Most of the time we think that fruits and vegetables can be preserved in the best possible manner while using the fridges or the refrigerators! And that is right to some extent. But the problem is this equipment cannot help the fruits to remain in the best shape for a long time. The moisture inside the fruits starts to degrade it after some time and you will be bound to throw away such fruits. The best method is to take out all the moistures from the fruit so that it can remain in the best shape for a long time and you can consume it whenever you want. By using the best fruit dryers now, you can make it happen. It takes out maximum moisture from the fruits and keeps them dry for a long time. For the seasonal fruit like mango, using the best fruit dryer to keep it dehydrated can help you consume this amazing fruit just any time of the year. Now to consume mangoes, you are not needed to wait for the mango season. Just dehydrate these fruits and keep them safe for a long time and have them whenever you want.
Instead of using the icebox or a fridge to preserve the fruits, you should consider using the fruit dryer.
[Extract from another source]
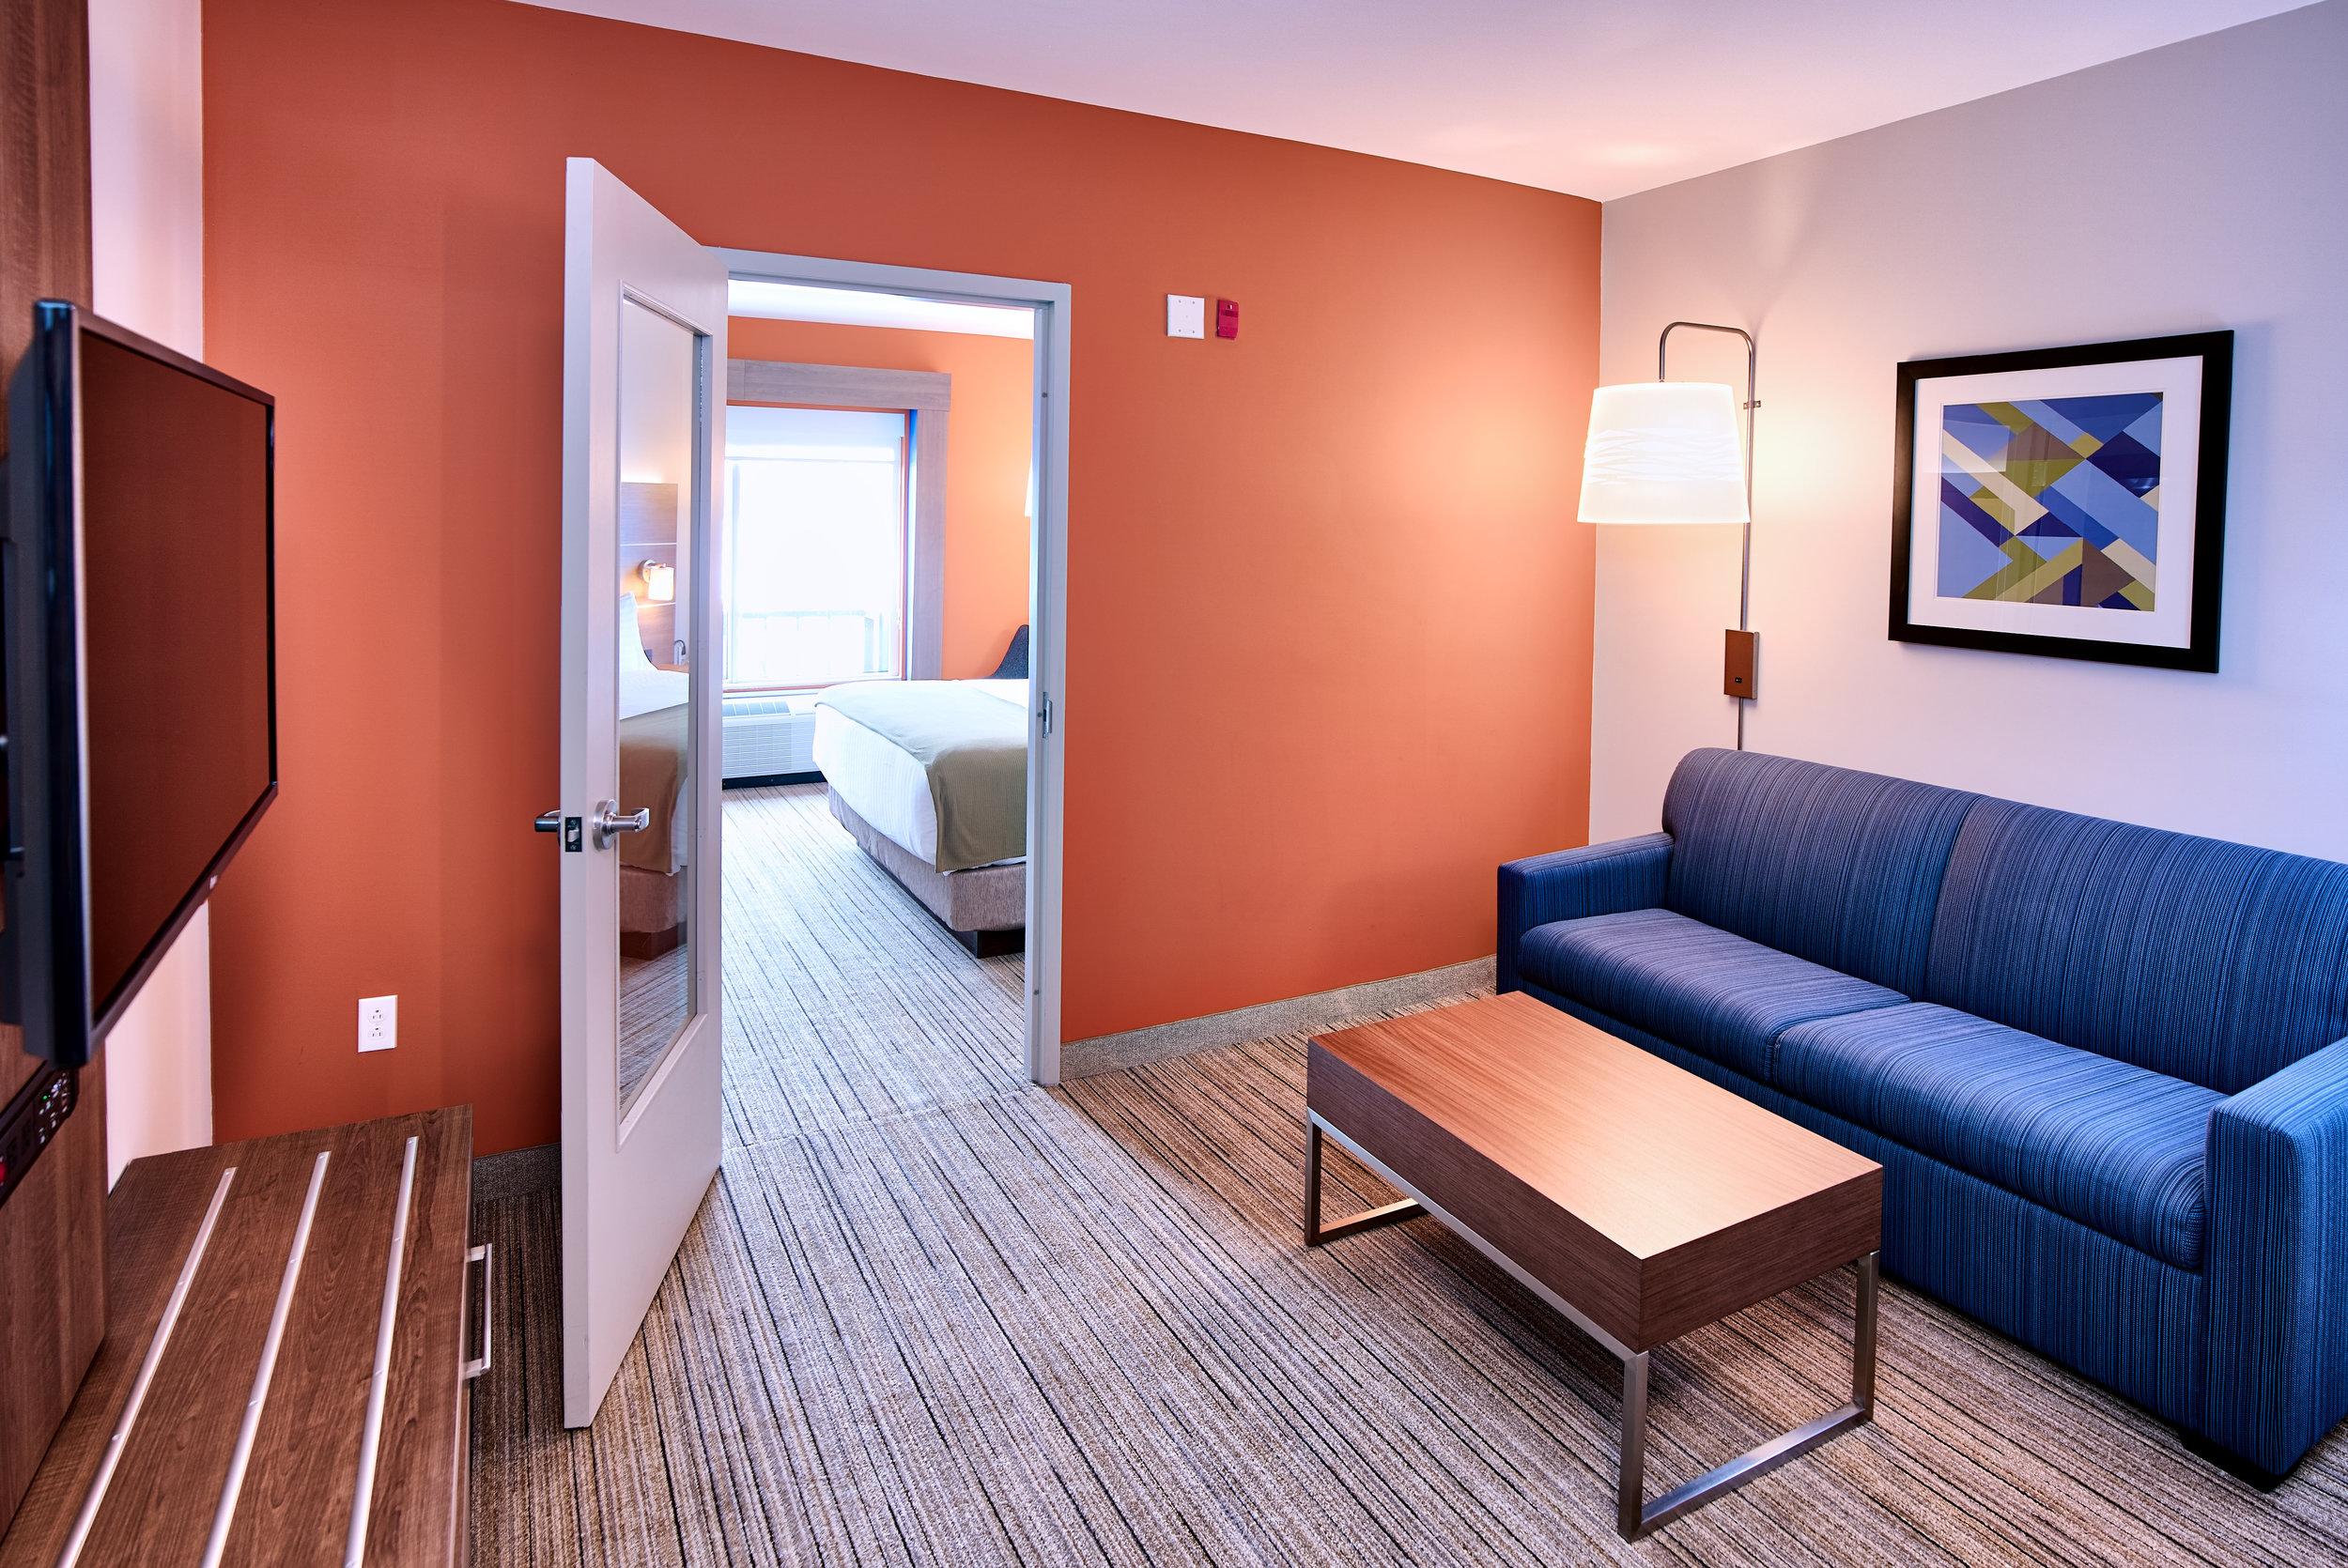 Holiday Inn Express - Room 1 C.jpg

It makes the fruit dehydration process look easier and reliable. These devices are designed in such a manner that they can dehydrate the fruits in a short span of time. This is how this equipment can save more for you on the energy bills.
This is also a reason why these fruit dryers are considered as the most energy-efficient ones. When it comes to the topic like organic, dried fruits are always preferred. Keeping them in the fridge can really start the decaying process for them. This is a reason why the vegetables that you store in the fridge starts to decay after some time. The moisture in the vegetables goes nowhere. And this moisture helps to trigger the decaying process. Once the fruits are decayed, they are of no use. And when you have to store the seasonal fruits, you must use the best fruit dryer available now in the market. These are the most reliable units and need low maintenance. They are designed to last and work for a long time. These fruit dryers are durable and the top quality ones.